I'm unclear what you mean here, wrt the "business logic" comment.  Can
XP intermediaries not be used for composing processors of business
logic?

>The ability to target XML Protocol Modules to specific intermediaries
>brings about the need to find a way to nominate them. Additionally, the status
>and error reporting requirements need a mechanism to identify the intermediary
>which generates such a message. There is no URI scheme specified for
>identifying an intermediary; schemes such as HTTP are meant to identify
>endpoints.

I agree, but it's a bit early to say that.

>The HTTP does provide for the identification of intermediaries in the Via
>header, but does not tightly specify a naming convention. As a result,
>definition of a new URI scheme may be required to accommodate intermediaries,
>depending one whether or not it is judged important to distinguish them from
>protocol endpoints.

Editorial; don't need "The" to start.  s.b. "on" instead of "one".

>Although intermediaries are explicitly defined and accommodated by XML
>Protocol, they can only be functional if there are application semantics
>defined to take advantage of them.

Amen!

>XML Protocol's Modules offer an excellent
>opportunity to standardize common intermediary functions.
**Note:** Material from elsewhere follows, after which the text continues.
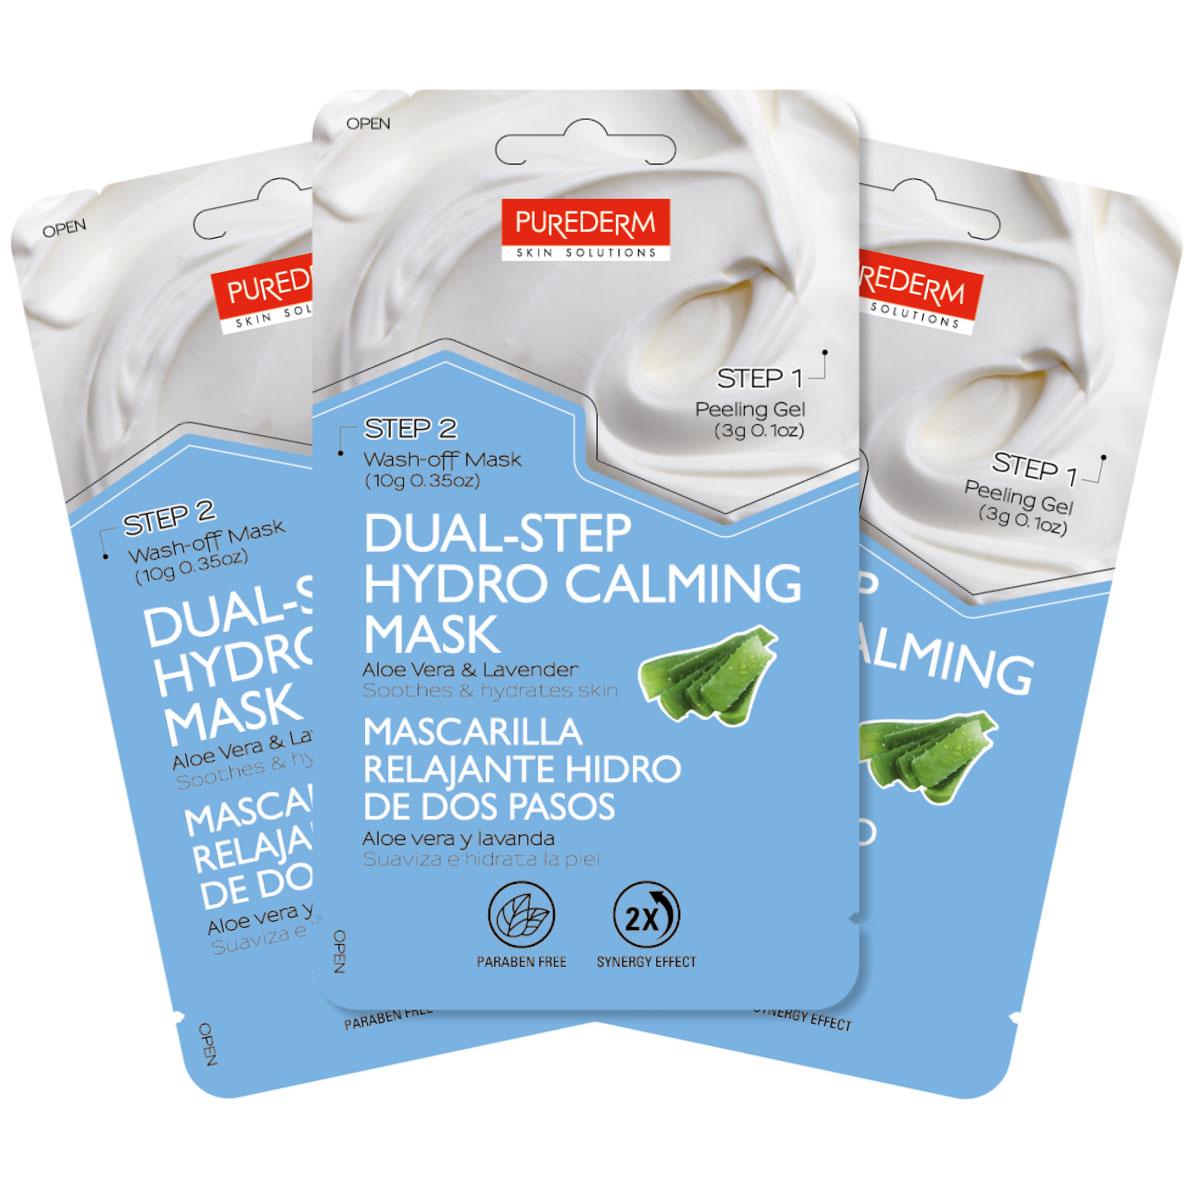 Purederm Набор Двойной уход: Отшелушивающий гель, 3 г, + Успокаивающая маска с алое и лавандой, 10 гFS-54114Сочетает в себе преимущества глубокого очищения и увлажнения для достижения максимального результата. Отшелушивающий гель (Шаг 1) содержит экстракты апельсина, лимона и яблока, отлично очищает поры, нежно отшелушивает и разглаживает поверхность кожи, что повышает эффективность увлажняющей маски.(Шаг 2): Успокаивающая маска с алое и лавандой: в состав входят эффективные увлажняющие компоненты, такие как алоэ вера, лаванда и растительный комплекс, которые наполняют влагой и успокаивают кожу. Маска мгновенно впитывается, насыщая кожу питательными веществами и защищает кожу от сухости, делая ее более сияющей.Не содержит парабены, минеральные масла, тальк, силикон и SLS, которые вызывают раздражение кожи.
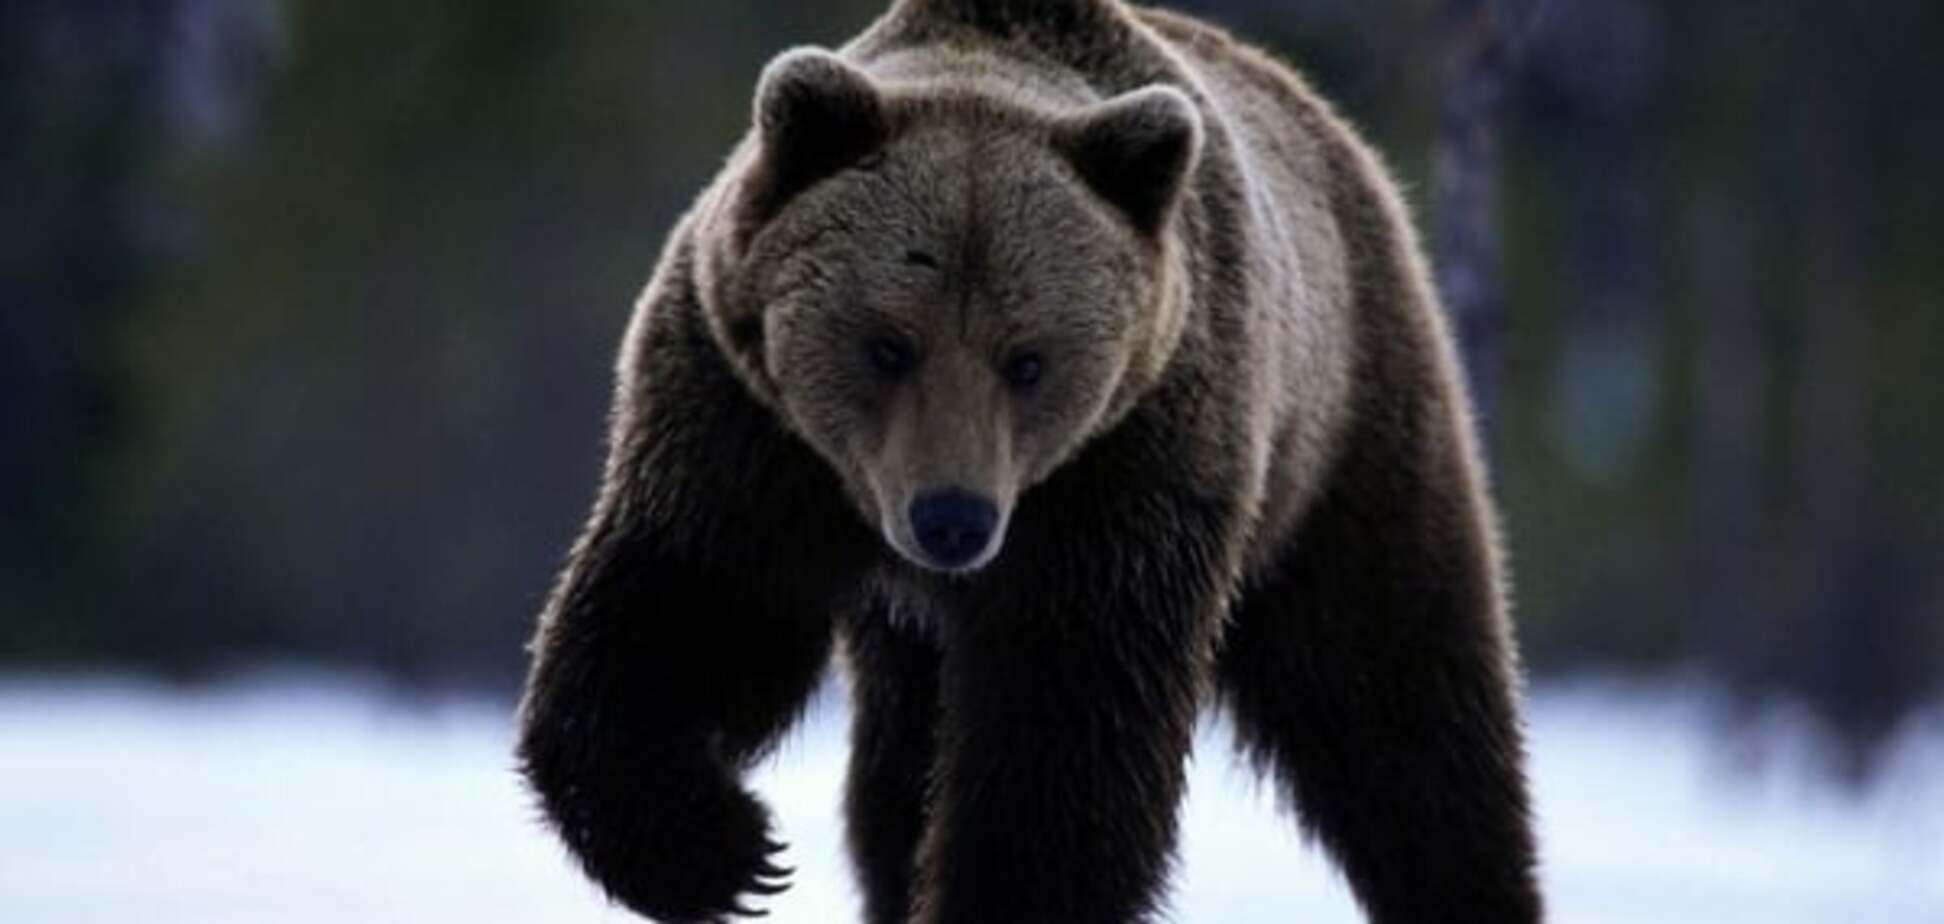 В России в детском саду убили медведя: опубликовано видео

I suggest that a far more suitable place would be in the application
protocol that XP will be used on top of; that's why we call them
application protocols 8-).

We really need to focus on reusing the established application semantics
that exist in deployed application protocols today.  For new semantics,
people will have a choice; extend the application protocol via its
documented extension mechanisms, or use the XML envelope of XP.  Each
has its pros and cons.

>Some XML Protocol applications may wish to make caching possible for
>latency, bandwidth use or other gains in efficiency. To enable this, it should
>be possible to assign cacheability in a variety of circumstances.

How can a cache model be defined at this layer when there are no
application semantics?  How messages are cached depends entirely on how
they are transferred.  I'd like to be shown otherwise, but I cannot see
how a useful caching model could be created independantly of any
specific application protocol.

I believe the furthest that we could and should go in this space, is to
perhaps define some metadata that can be used to describe the
application-neutral cacheability properties of XP messages.  Then, in
the protocol bindings, we could define how they bind to the cache models
of the application protocols.

[re message integrity]
>While these mechanisms have been discussed as necessary extensions to
>define in XML Protocol, the possibility of modification of any XML Protocol
>message brings the need to use them for all messages, not only those which
>contain sensitive content.

I don't see the need to use them for all messages.  Plus, some
application protocols that have identified a need for maintaining
message integrity, support it already.  So I'm not sure what requiring
it at the XP level would achieve (though I could see integrity at the
body level being important, and not the envelope).

MB
Received on Thursday, 8 February 2001 14:34:40 UTC